DEPARTEMENT DES TIC   

  • Que tous les Pasteurs, Ouvriers et Responsables laïcs de la Conférence et des Districts utilisent désormais les adresses emails professionnelles en lieu et place de leurs adresses privées pour garantir et sécuriser les informations au sein de l’EMUCI au plus tard fin juin 2018.

AU TITRE DU CONSEIL DES MINISTERES

DEPARTEMENT DE TRADUCTION DE LA BIBLE           

  • Que l’EMUCI participe aux activités de SIL Côte d’Ivoire et soutienne la SIL et l’ABCI en prière, en numéraire et en nature.
  • Que les églises locales autorisent 2 membres à suivre la formation des formateurs en alphabétisation à la SIL Côte d’Ivoire.

DEPARTEMENT DE L’EDUCATION FAMILIALE 

  • Que l’attestation de fin de formation signée par le pasteur local et le COMEFA local soit délivrée aux couples avant toute bénédiction nuptiale.

  1. Que les Surintendants poursuivent et achèvent les nominations des responsables de COMEFA dans les Districts et Circuits.
  2. Que les procédures de conciliation et d’autorisation de remariages telles que prévues par le Livre Bleu des Règlements Généraux, titre 2, du chapitre 7, article 65 à 68, soient scrupuleusement respectées par tous les fidèles de l’EMU-CI.

AUMONERIE DES HÔPITAUX, CLINIQUES, PRISONS, MAISONS DE DETENTION

  1. Que les Surintendants poursuivent et achèvent les nominations des responsables à l’Aumônerie des Hôpitaux, Cliniques, Prions, Maisons de détention dans leurs Districts.

AUMONERIE AUX ARMEES           

  1. Que tous les Districts soient pourvus d’aumôniers en vue de l’encadrement des militaires et paramilitaires.

ORGANISATION DES PREDICATEURS

  1. Que la traduction des cultes en langue des signes pour les sourds-muets soit autorisée.
  2. Que l’Eglise prévoit des bibles en écriture braille pour les aveugles.

AU TITRE DU CONSEIL DES FINANCES ET DE L’ADMINISTRATION

COMITE DE GESTION DES PLANTATIONS SOKROGBO

  1. Qu’une personne physique soit désignée par la conférence pour l’immatriculation des plantations.
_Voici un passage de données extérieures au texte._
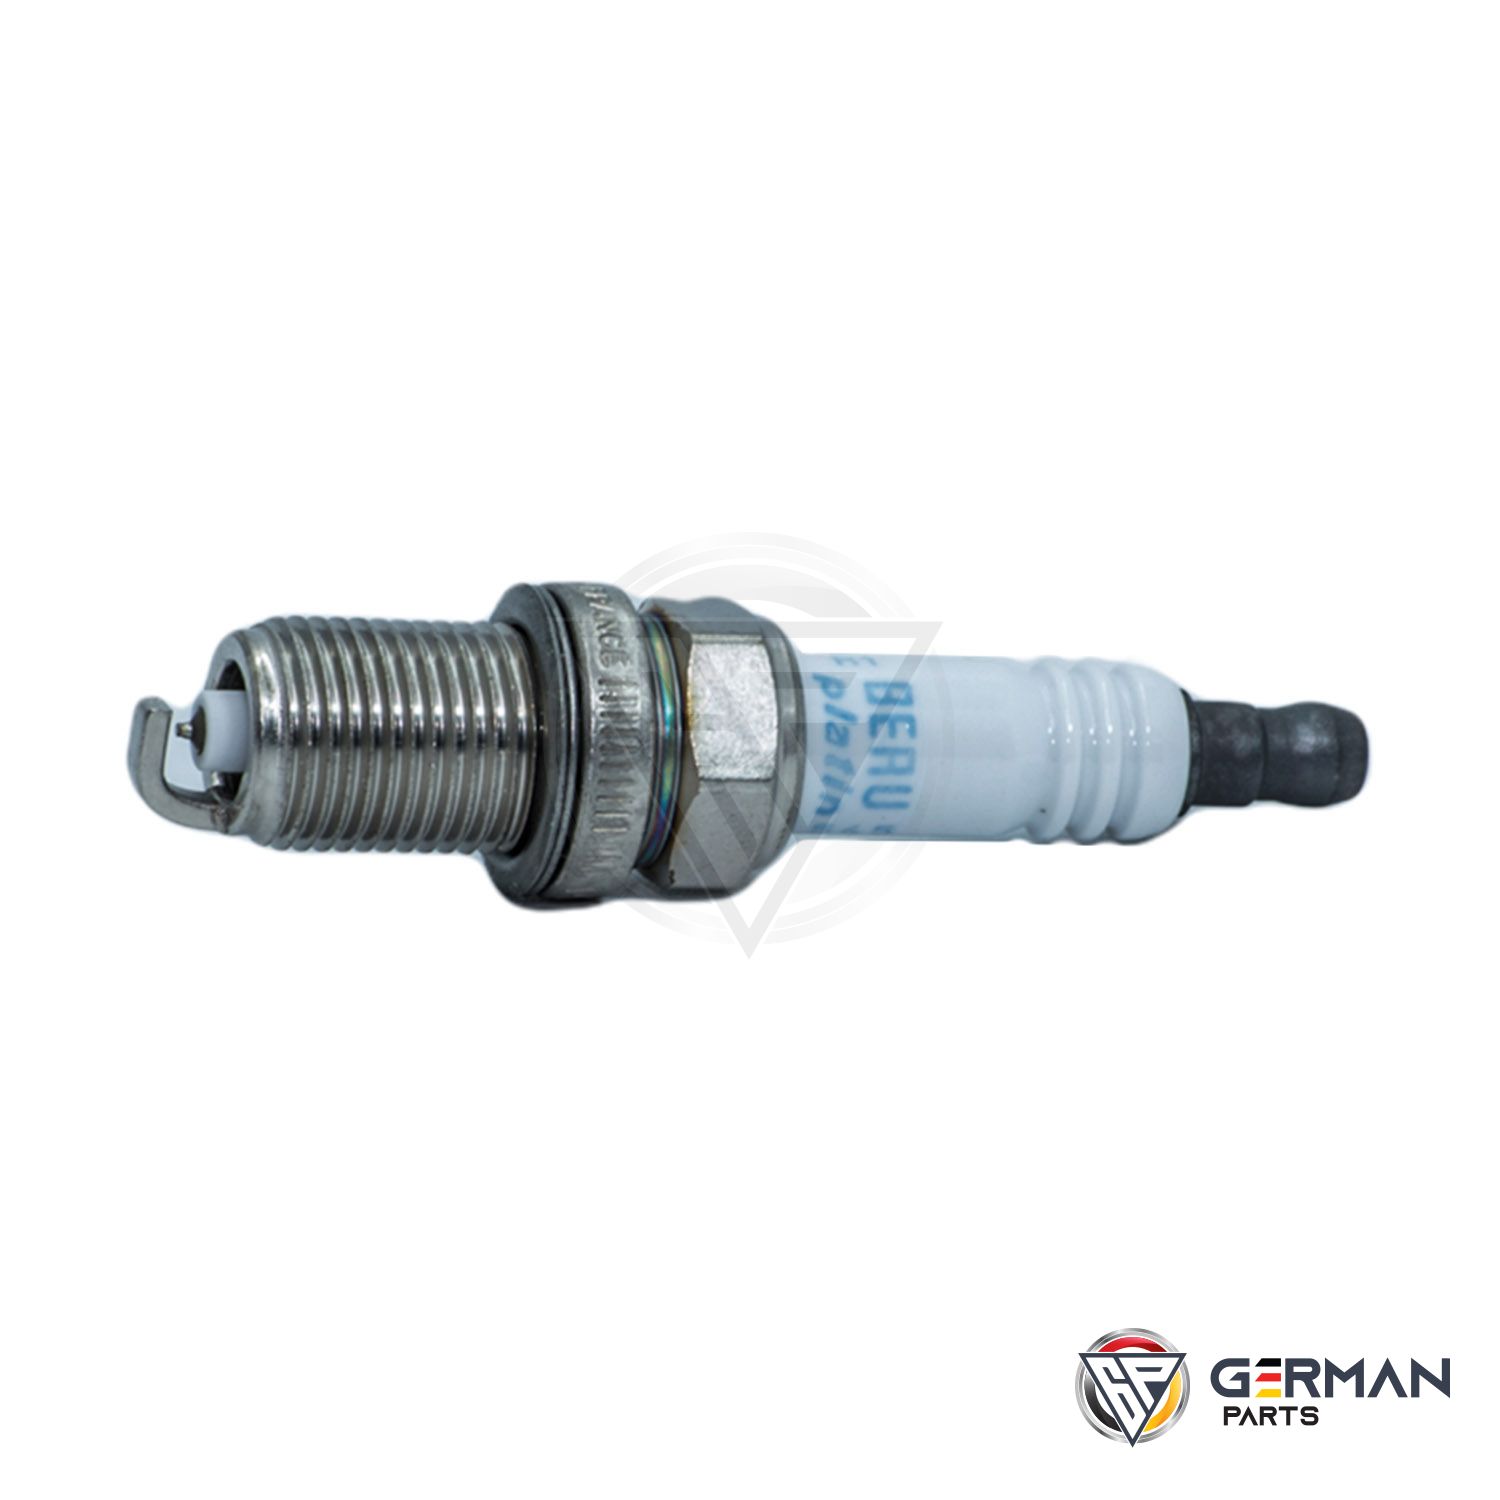 Buy Porsche Spark Plug 99917022190 - German Parts

  1. Que le problème de virement des fonds également soit résolu.
  2. Que des logements soient construits pour permettre une présence humaine sur les plantations pour dissuader  les voleurs éventuels.

Fait à Abidjan, le Dimanche 18 Mars 2018

Pour la 13ème Conférence Annuelle Ordinaire


[1] Aptitude d’un individu à se construire et à vivre de manière satisfaisante en dépit de circonstances traumatiques.

[2] GNOMUS, Revue scientifique pluridisciplinaire de l’Université Méthodiste de Côte d’Ivoire, N°1, P9, 2017

[3]Néologisme pour désigner ce qui vient de la trompette.

[4]Du grec logos, parole et rhein couler et signifiant la verbosité intarissable.